Gus Koehler is flying in from Sacramento this week to talk with the FriamGroup.
His postponed talk in February is now scheduled for this Friday, April 22.
TITLE: Chronocomplexity
SPEAKER: Gus Koehler
AFFILIATION: Time Structures (
http://www.timestructures.com)
TIME: Friday April 22, 2:00p (yes, tea and snacks will be available)
LOCATION: 624 Agua Fria Conference Room
ABSTRACT:
Virtually all political and economic actors talk continually in
time-related terms. Tactics, long-term strategy, and happenstance merge
as time and timing become the common denominators of policy making and
economic strategy. Is there more than one temporality that needs to be
taken into consideration in such circumstances? Is temporality the same
across all temporal levels and scales and across an ecology, including
its layers? But this begs fundamental questions such as: Is the
direction of causality always from the present into the future for all
temporalities? Or, do stochastic events have the same temporal
characteristics as events that are not uniformly temporally distributed?
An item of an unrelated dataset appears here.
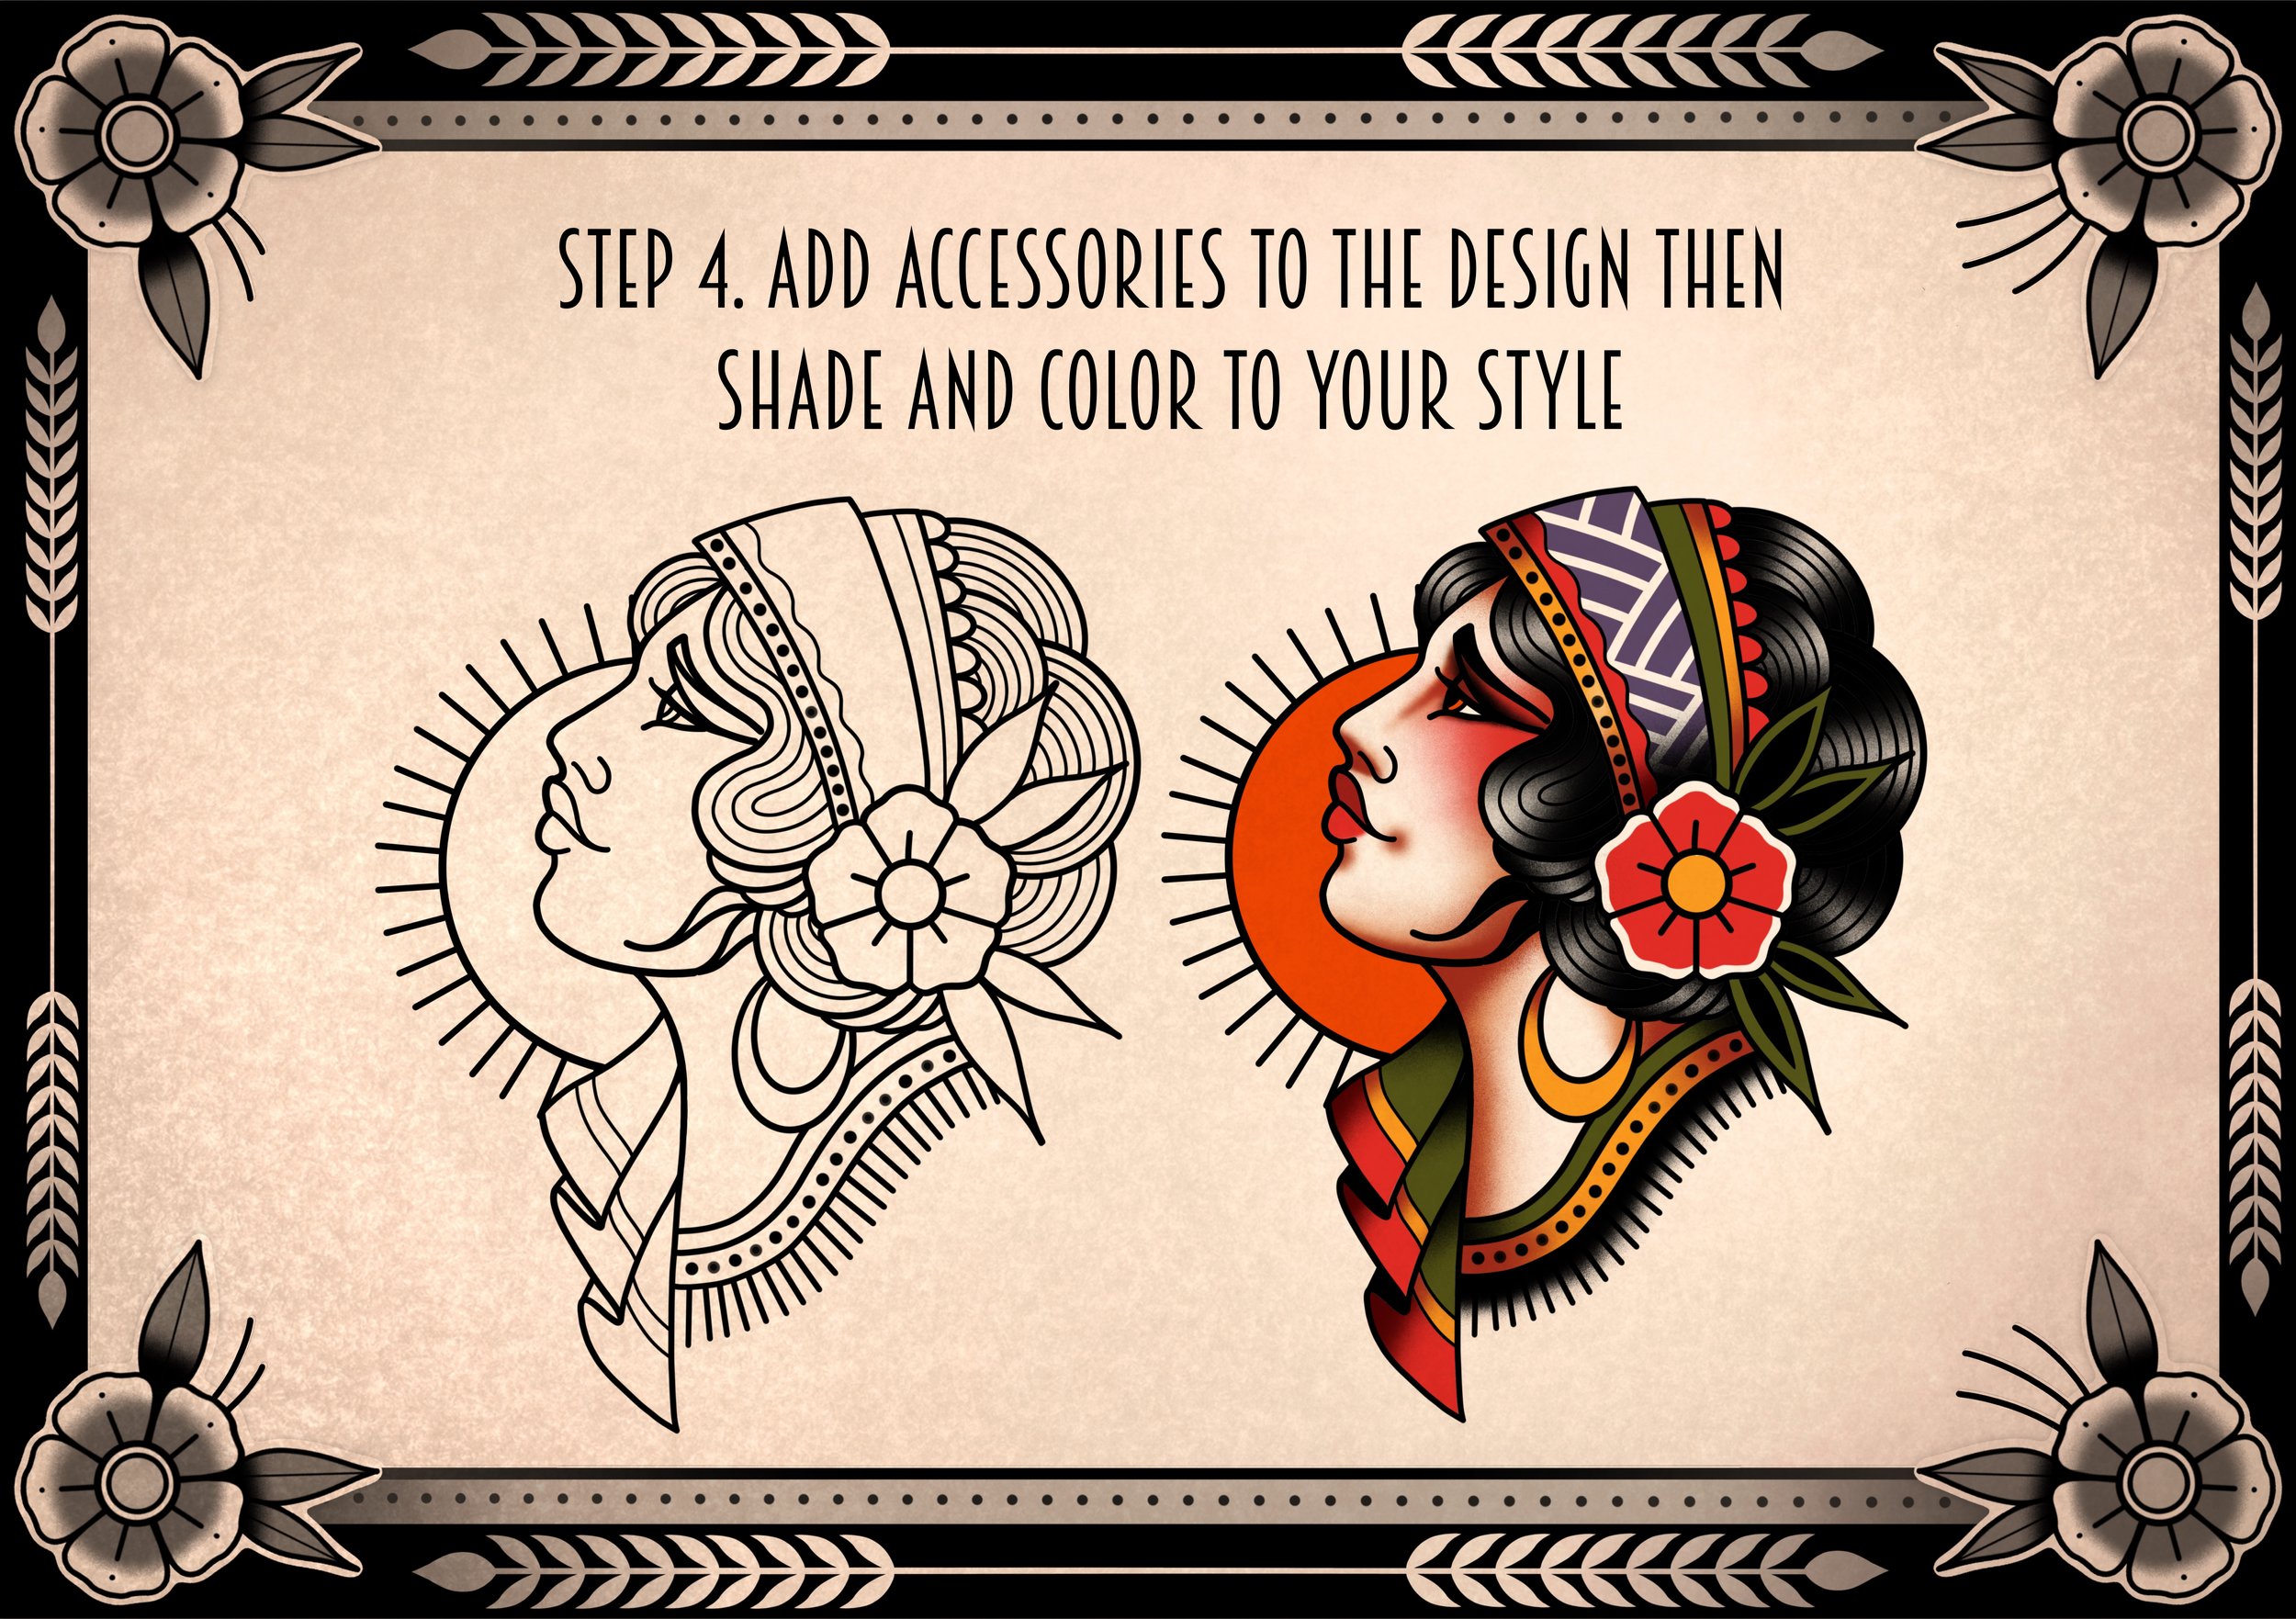 Buy Girl Head and Spiderweb American Traditional Tattoo Flash Online in  India  Etsy
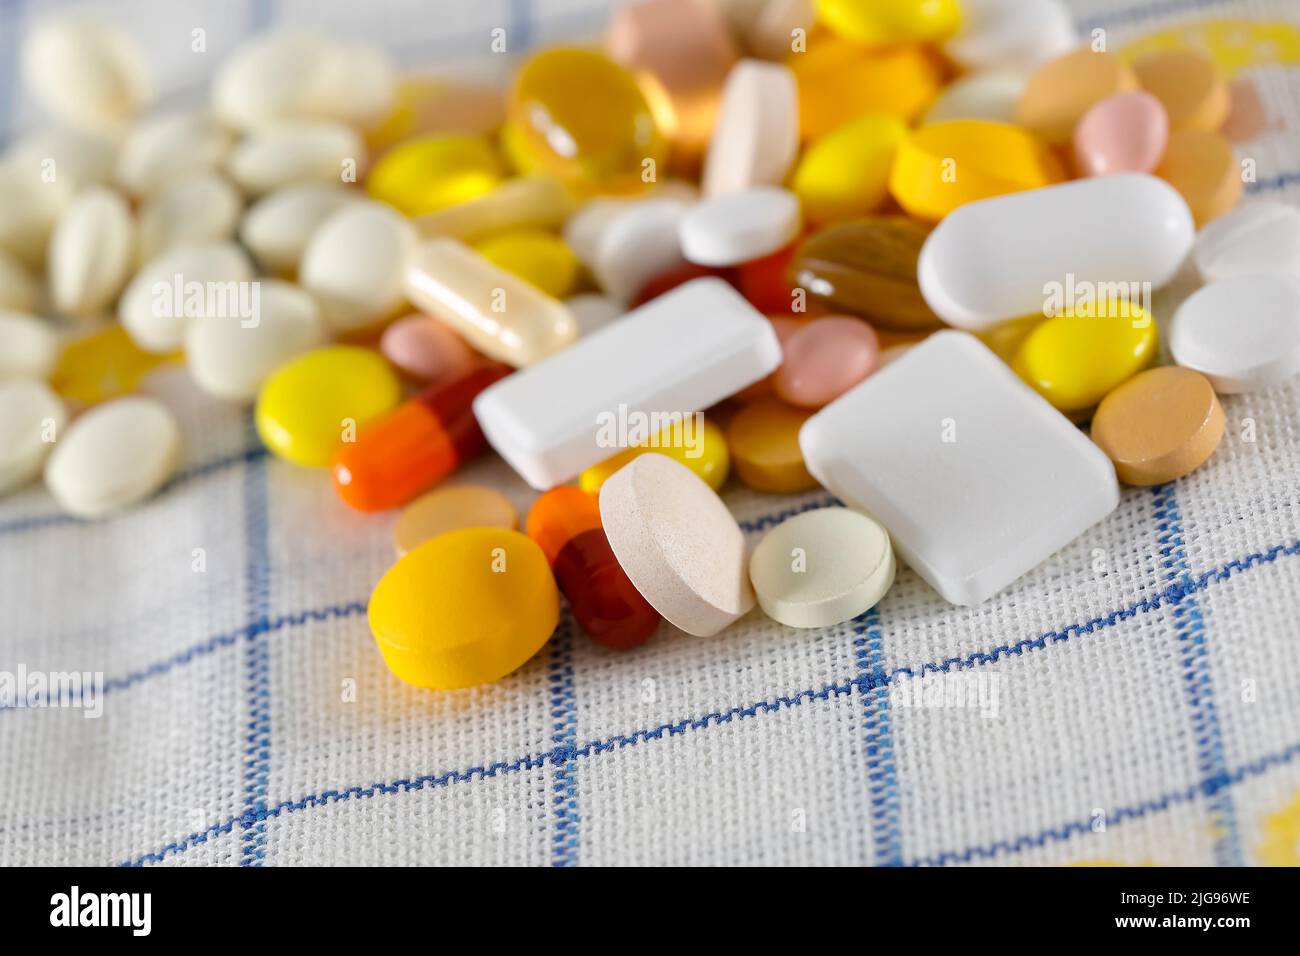 The pills are on the napkin. These varied tablets have various shapes and various colors. Stock Photo

Is the behavior space created by a thousand computer agents moving in
computer time with only about ten different behaviors enough to
demonstrate the temporal complexity of a living population? Perhaps it
would more interesting to focus on the collective spatial-time flows of
changing events as they continuously structurate the agent and its
environment according to some sort of morphodynamics rules. In this
approach there would be no entity; only process. The theologian and
philosopher, St. Augustine nicely summarized our dilemma. "What is time?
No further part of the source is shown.